FIG. 5 is a diagram showing a temporal change in reflection intensity on a resist-coated substrate during spin rotation in Example 2.

FIG. 6 is a diagram showing the relationship between CPT and final resist film thickness in Example 2.

[Explanation of symbols]

 1: hot plate bake 2: film thickness measuring device 3: robot arm 4: loader / unloader 5: spinner cup 6: resist dispenser system 1 7: resist dispenser system 2 8: resist dispenser system 3 9: PC, CRT, printer

Claims (4)

[Claims] 1. A film in which a film thickness is measured in real time during a coating process in a resist coating process, and a spin speed or a roll speed is corrected in real time by any one of a reflection intensity measuring method and a real time measuring method. Thickness control method. 2. In the resist coating step, the resist film thickness is measured after baking, and the spin rotation speed or roll rotation speed is inline with respect to the next substrate by any one of the reflection intensity measuring method and the calibration curve method.
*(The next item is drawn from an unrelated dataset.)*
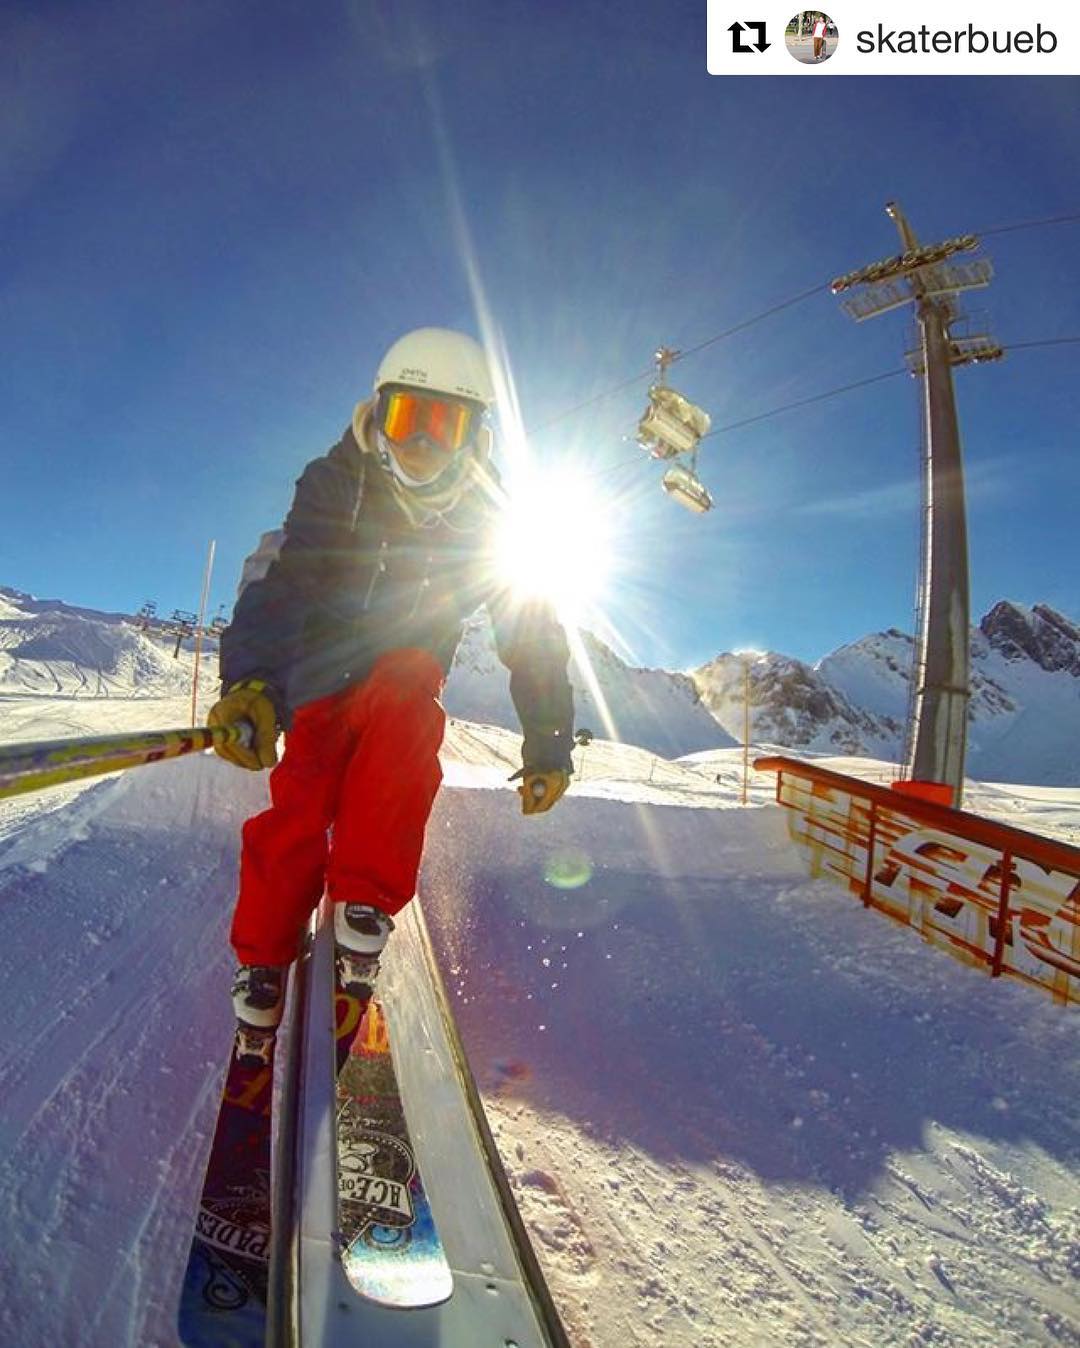 #Repost @skaterbueb Schnappschuss im @fruttpark ???・・・
ski slidin at #fruttpark #skiing #freeski #park #snow #sun #gopro #selfie #slide

A film thickness control method for correction. 3. A calibration curve showing a relationship between a spin rotation speed or a rotation speed of a roll and a resist film thickness prepared in advance is corrected based on a result of film thickness measurement, and spin rotation is performed based on the corrected calibration curve. A film thickness control method for controlling the number of rollers or the rotation speed of a roll. 4. A resist coating unit, a bake unit, and a film thickness measuring unit, the film thickness measuring unit comprising:
During the resist coating process in the resist coating unit, and the resist film thickness after baking can be measured, based on the measured film thickness, reflection intensity measurement method, real-time measurement method,
A film thickness control device for controlling the spin rotation speed of a coating unit or the rotation speed of a roll by any of the calibration curve methods.